Ledbury Community Choir is a non-auditioned mixed voice choir of all ages with almost one hundred members. The choir's repertoire includes musicals, folk songs, and arrangements of well known songs spanning the generations. They meet weekly during term time at John Masefield High School on Tuesday's at 7.30pm and new members are always welcome.


Herefordshire Council have been working with Workmatch, which provides work preparation and training to disadvantaged and vulnerable adults, since news broke that Bizmatch, its trading arm, has ceased trading. Both the Council and NHS Herefordshire purchased services from the charitable company on behalf of local people. Around 70 local people were receiving the services, and 30 of these are eligible for support from the council's adult social care service.

'We are contacting people who attended the service and we are reassuring everyone who is eligible for support that we will be finding an alternative means of continuing a service for them,' said Sara Keetley, head of adult social care for both the council and the primary care trust. 'We would like to reassure people that ABLE, a welfare advice and information service, continues to offer a service to the public.'

The council says anyone affected by the Bizmatch closure and needs help can ring 01432 261732 between 9am and 1pm and speak to Julia Bestall. Anyone who needs emergency assistance can get it from the duty social work team on 01432 373200.


Hereford will be one of thousands of venues across the world to hold a 350 climate change event on Saturday, 24th October. More than 2,200 simultaneous events are set to take place in 152 countries to mark the International Day of Climate Action. Photos of all the events, including Hereford, will be displayed on giant screens in Times Square, New York.

In Hereford we have a debate with local environmentalist Richard Priestley putting the case for rapid and radical carbon reductions, and local MP Bill Wiggin, candidates Jesse Norman, Sarah Carr, Felicity Norman, Philippa Roberts and also Herefordshire Councillors Roger Phillips and John Jarvis responding. The debate will take place in the Town Hall and the doors will open at 10.00am; come early to get a seat.
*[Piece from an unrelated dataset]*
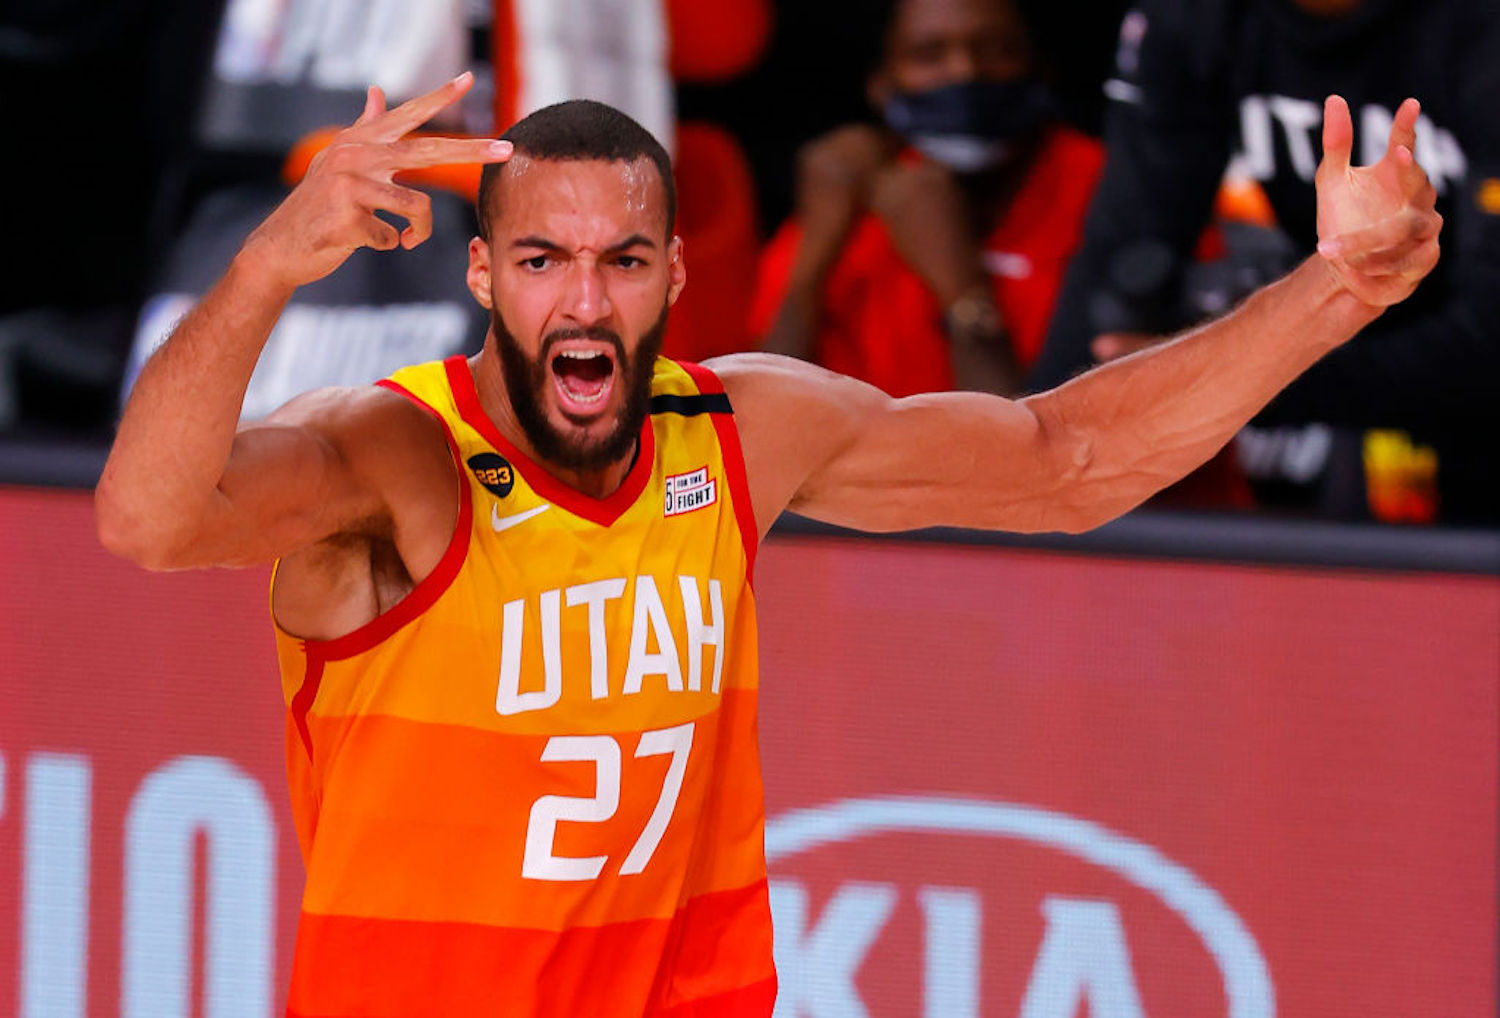 Rudy Gobert is one of the best centers in the NBA, and he was just rewarded with the largest contract for a center in league history.
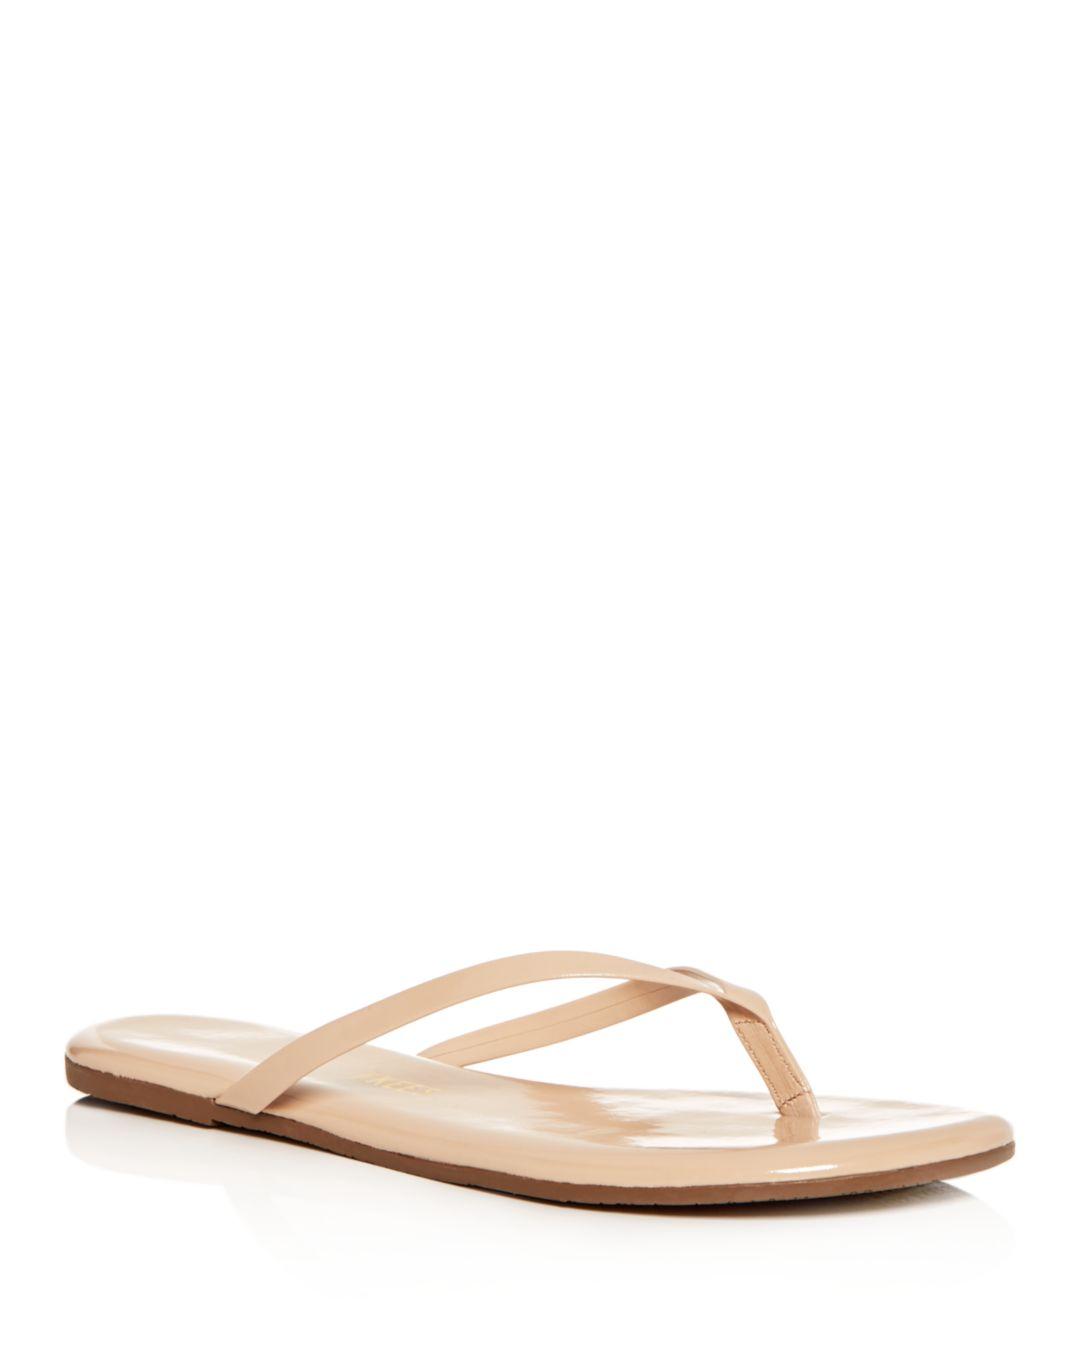 TKEES Women's Glosses Patent Leather Flip - Flops - Lyst

The afternoon will continue the theme with Peter Harper (from the Centre of Alternative Technology) and a number of local renewable energy experts debating possible sources of low carbon energy. There will also be lots going-on, including stalls, fun activities, films and information. The day will end with a band and choir of 350 people singing a song about 350ppm at 3.50pm on the steps of the Shirehall. Come and join-in!

The number 350 holds special significance in terms of climate change as many climate scientists and campaigners believe that 350 parts per million of carbon dioxide in the atmosphere is the safe upper limit for sustaining life on earth. The current figure is 387.

Further information can be found at or hereford350.wordpress or phone Richard Priestley 01432 358104 Participants are asked to walk, cycle, take public transport or car share to the event wherever possible.